Ночевать здесь… Где?

Спать на обочине? На площади? На пустыре, среди выцветших домов и немых фонарей? – рассудок, казалось, начинал паниковать, но я уже не слушала его. Я подняла взгляд и увидела его – «Гранд-Отель». Тихий, почти вымерший, но с благородными окнами в духе старой архитектуры. Каменная сдержанность, высокие двери, тёплый свет в холле. Рядом – ничего. Ни машин. Ни прохожих. Я остановилась. Посидела ещё немного, просто глядя на фасад. Он был как знак. Новый знак. Явный. И весенний.

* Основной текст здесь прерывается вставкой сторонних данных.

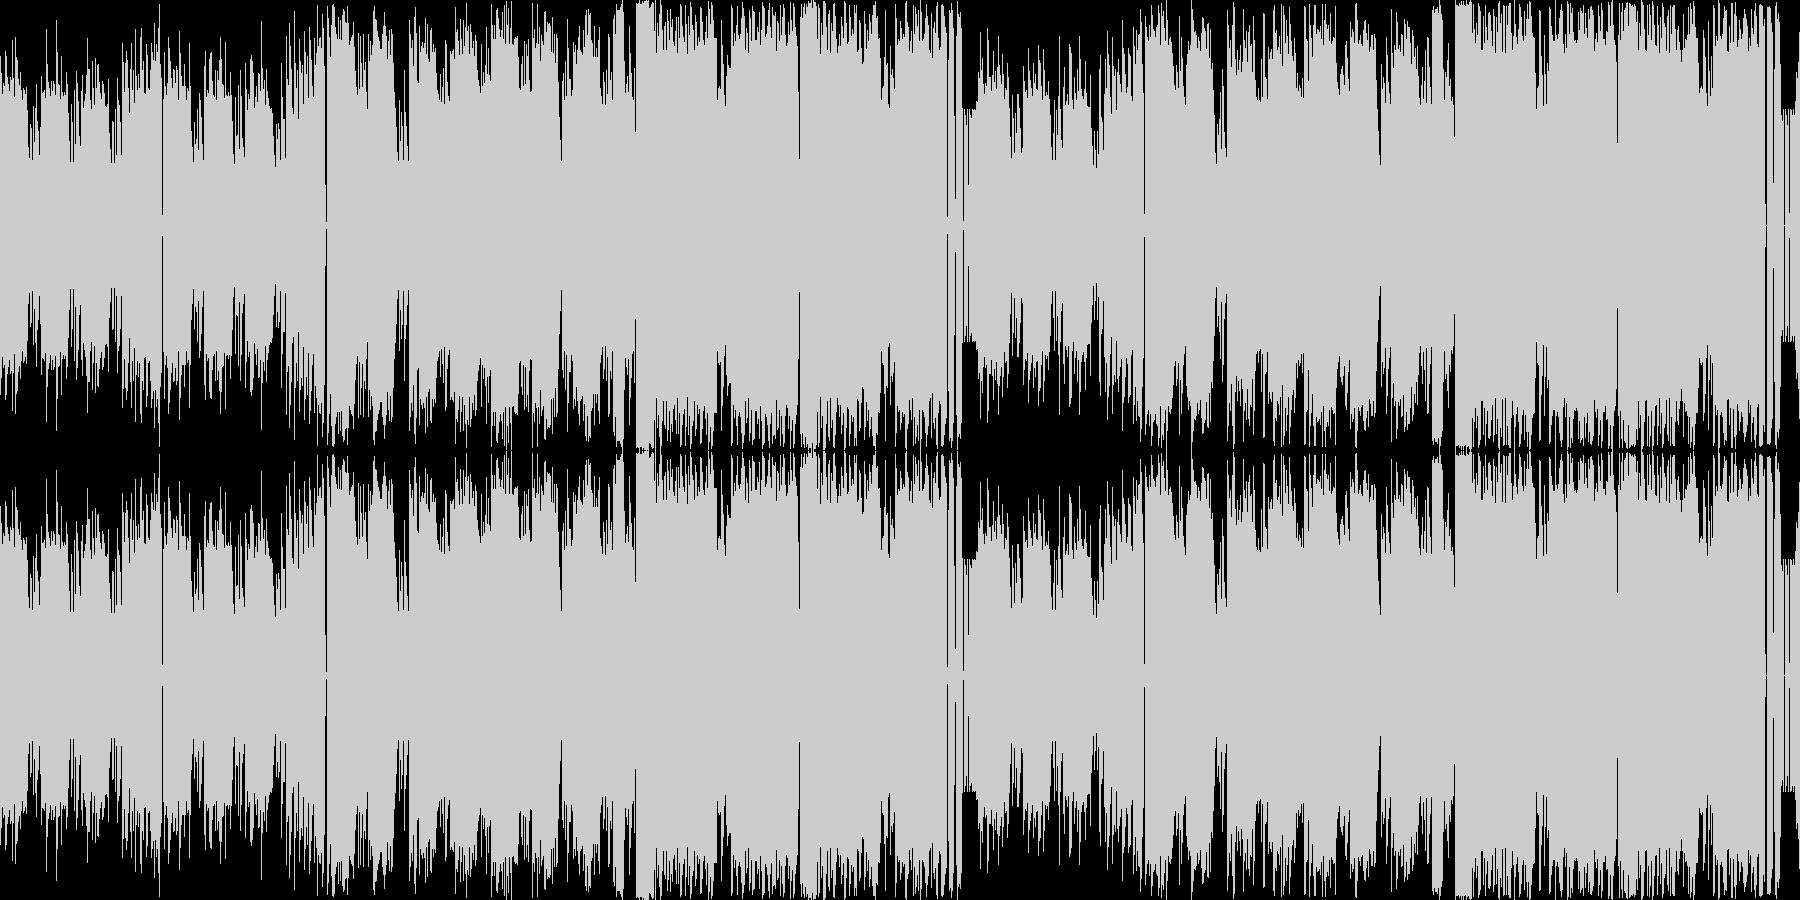 8bitチップチューン:アクション#01の未再生の波形

Слишком красивый, чтобы отмахнуться. Слишком много чувств во мне, чтобы притворяться, будто этот вечер как все.

Я взяла с собой только наличные – достаточно, чтобы исключить любые вопросы и без лишних слов оплатить номер, да ещё оставить щедрые чаевые. Всё остальное спрятала. Я знаю, как открыть свою машину без ключей. Я умею.

Одеваться? Нет, смешно. Поздний вечер, пустота. И – это особое состояние: я всё ещё была под очарованием той, другой женщины, героини журнальной истории, и знала – я могу. Мне просто нужен номер. С тишиной с возможностью просто лечь – и раствориться. Уснуть – как будто в другой жизни. В неком подобии той дерзкой, почти невозможной реальности, где свобода – не лозунг, а стиль дыхания. Я подошла к дверям. Плавно. Спокойно. Уверенно. Я была – как Флоранс. А может быть, уже понемногу становилась собой.

Дверь была приоткрыта. Внутри – тишина. Мягкий свет ночника в вестибюле.

Я вошла в вестибюль почти бесшумно. Пол глушил шаги, будто был устлан коврами памяти. За стойкой спала пожилая женщина, аккуратная, седая, с заколотыми волосами и очками, съехавшими на кончик носа. Я чуть кашлянула, не громко, но ровно настолько, чтобы вернуть её в реальность.

Она вздрогнула, подняла глаза. Конечно, она не увидела моей наготы – стойка была высокой, до самого подбородка. Только лицо. Только усталый, спокойный взгляд, из которого уже вылилась вся тревога дня.

– Один номер? – спросила она почти шёпотом, словно всё происходящее не должно было нарушать тишину здания.

– Да. Один.

– Возьмите наш люкс, не пожалеете, – произнесла она по-отработанному, почти автоматически.

– Безусловно, люкс, – кивнула я. Потому что, конечно же, я – фея. И феям полагается люкс. Хотя бы на одну ночь.

Оплата, нет сдачи, оставьте, это вам – всё как в полусне, будто я уже принадлежала этому месту, этой ночи, этому городу. Посмотрела ли она мне в след, может быть но предпочла поспать, чем устраивать разборку. Деньги у нее, что еще нужно от постояльца, только тишины. Я в этом идеальна.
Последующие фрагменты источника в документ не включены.